Raphael Bove

Personal information
- Full name: Raphael Bove
- Date of birth: 5 March 1977 (age 48)
- Place of birth: Cassino, Italy
- Position: Defensive midfielder

Youth career
- APIA Leichhardt
- Sydney Olympic

Senior career*
- Years: Team / Apps / (Gls)
- 1994–1997: Sydney Olympic / 22 / (0)
- 1997–1999: SC Heerenveen / 3 / (1)
- 1999–2000: Dundee United / 1 / (0)
- 2000–2001: Livorno / 2 / (0)
- 2001–2002: Marconi Stallions / 9 / (1)
- 2002–2003: Bankstown City / 5 / (0)
- 2003–2005: St George Saints / 35 / (5)
- Total:  / 77 / (7)

International career
- 1997: Australia U20 / 2 / (0)
- 1998–1999: Australia U23 / 6 / (0)
- 1998: Australia / 1 / (0)

= Raphael Bove =

Italian Australian soccer player

Raphael Bove (born 5 March 1977) is an Italian Australian former professional footballer who represented Australia at international level.

==Career==
Bove was born in Cassino, Italy, and moved to Australia at a young age. He played his early football in Europe, appearing with teams including Dutch club SC Heerenveen and Scottish side Dundee United.

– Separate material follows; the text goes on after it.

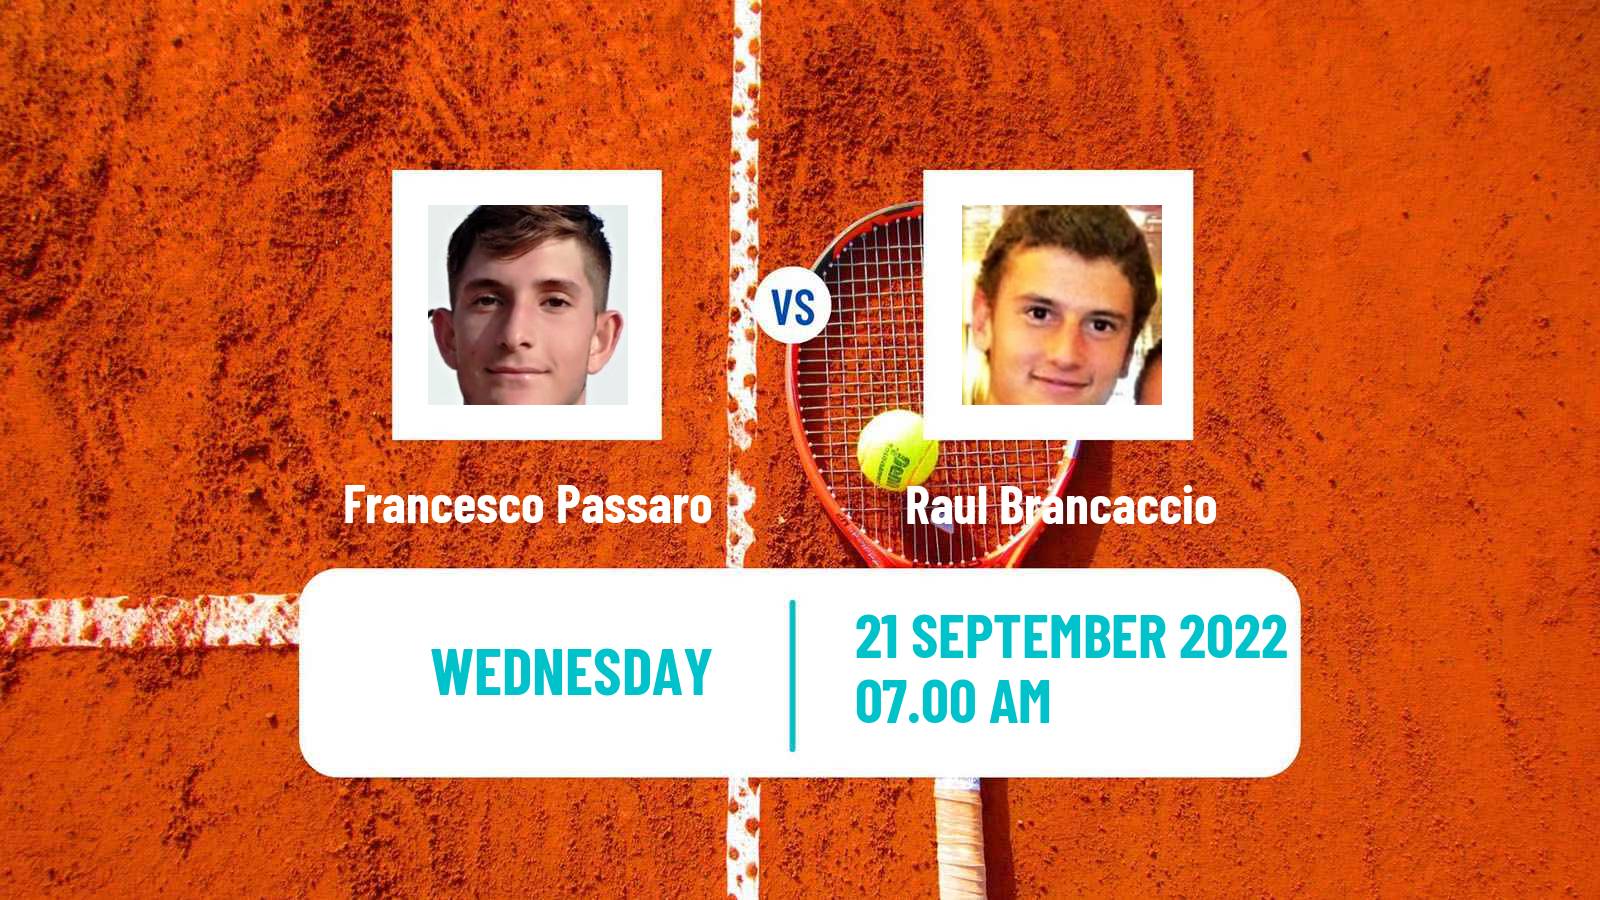 Tennis ATP Challenger Francesco Passaro - Raul Brancaccio

Bove was part of the Australian squad at the 1997 FIFA World Youth Championship, making two substitute appearances. He made his full international debut in November 1998, when his 90th-minute substitute appearance in the friendly match against the United States made him the 442nd player to represent Australia. Hayden Foxe, who started the match, also made his debut in the 0–0 draw in San Jose.